Import the wrapper for transliteration engine by:

from ai4bharat.transliteration import XlitEngine

Example 1 : Using word Transliteration

e = XlitEngine("hi", beam_width=10, rescore=True)
out = e.translit_word("namasthe", topk=5)
print(out)
# output: {'hi': ['नमस्ते', 'नमस्थे', 'नामस्थे', 'नमास्थे', 'नमस्थें']}

Arguments:

beam_width increases search size, resulting in improved accuracy but increases time/compute. (Default: 4)
topk returns only specified number of top results. (Default: 4)
rescore returns the reranked suggestions after using a dictionary. (Default: True)

Romanization:

By default, XlitEngine will load English-to-Indic model (default: src_script_type="roman")
To load Indic-to-English model, use src_script_type="indic"
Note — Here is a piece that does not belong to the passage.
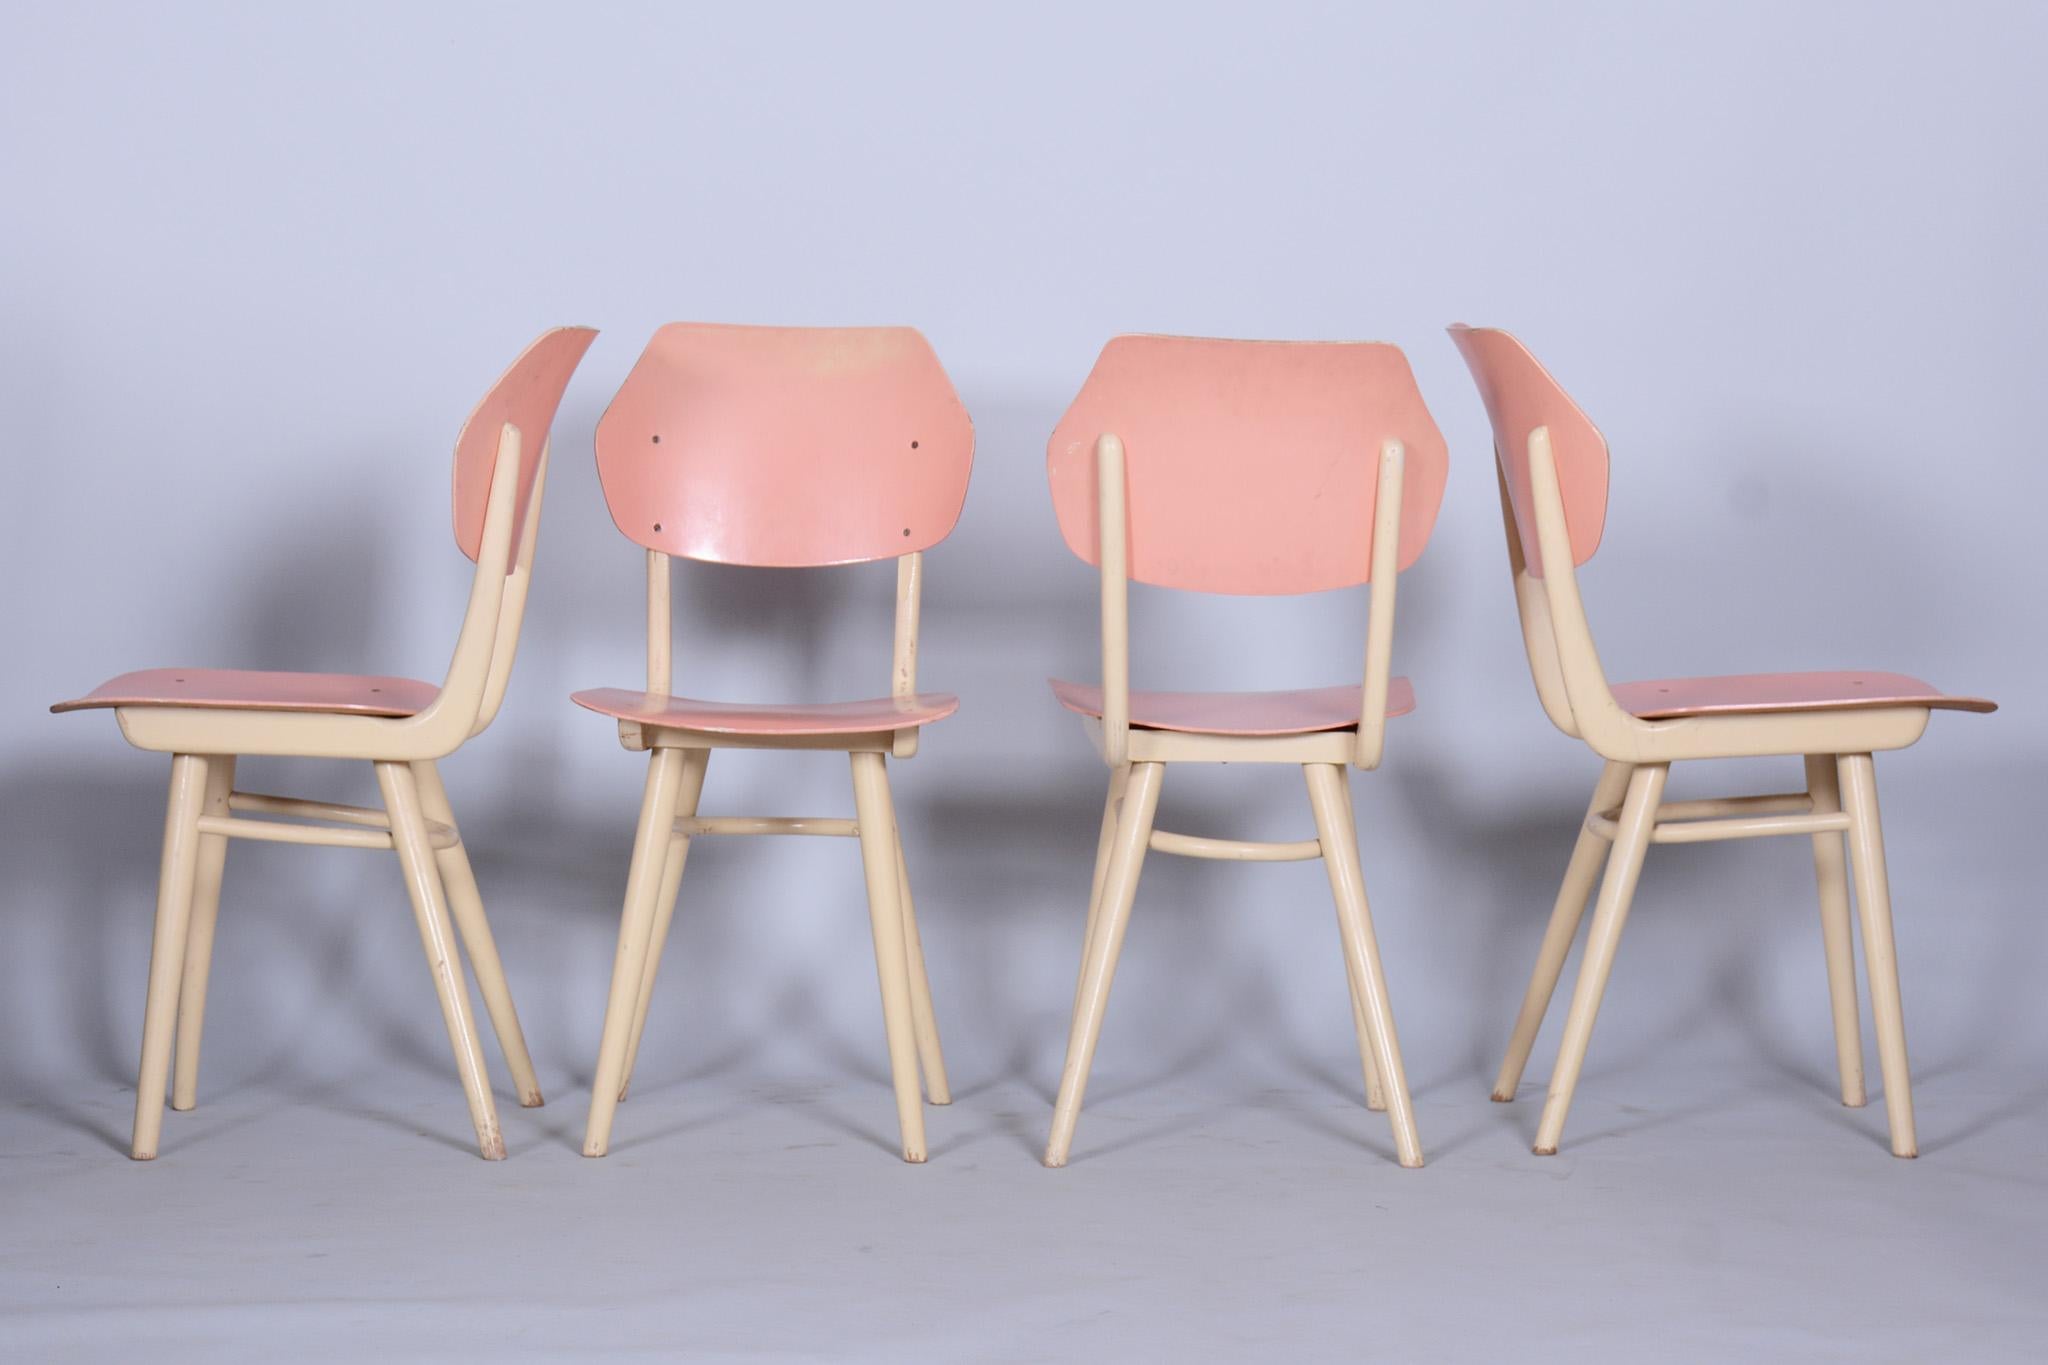 Set of Four Original Midcentury Chairs, Jitona Sobeslav, Beech, Czechia, 1950s For Sale 1

For example: (also applicable for all other examples below)

e = XlitEngine(src_script_type="indic", beam_width=10, rescore=False)
out = e.translit_word("नमस्ते", lang_code="hi", topk=5)
print(out)
# output: ['namaste', 'namastey', 'namasthe', 'namastay', 'namste']

Example 2 : word Transliteration without rescoring

e = XlitEngine("hi", beam_width=10, rescore=False)
out = e.translit_word("namasthe", topk=5)
print(out)
# output: {'hi': ['नमस्थे', 'नामस्थे', 'नमास्थे', 'नमस्थें', 'नमस्ते']}

Example 3 : Using Sentence Transliteration

e = XlitEngine("ta", beam_width=10)
out = e.translit_sentence("vanakkam ulagam")
print(out)
# output: {'ta': 'வணக்கம் உலகம்'}

Note:

Only single top most prediction is returned for each word in sentence.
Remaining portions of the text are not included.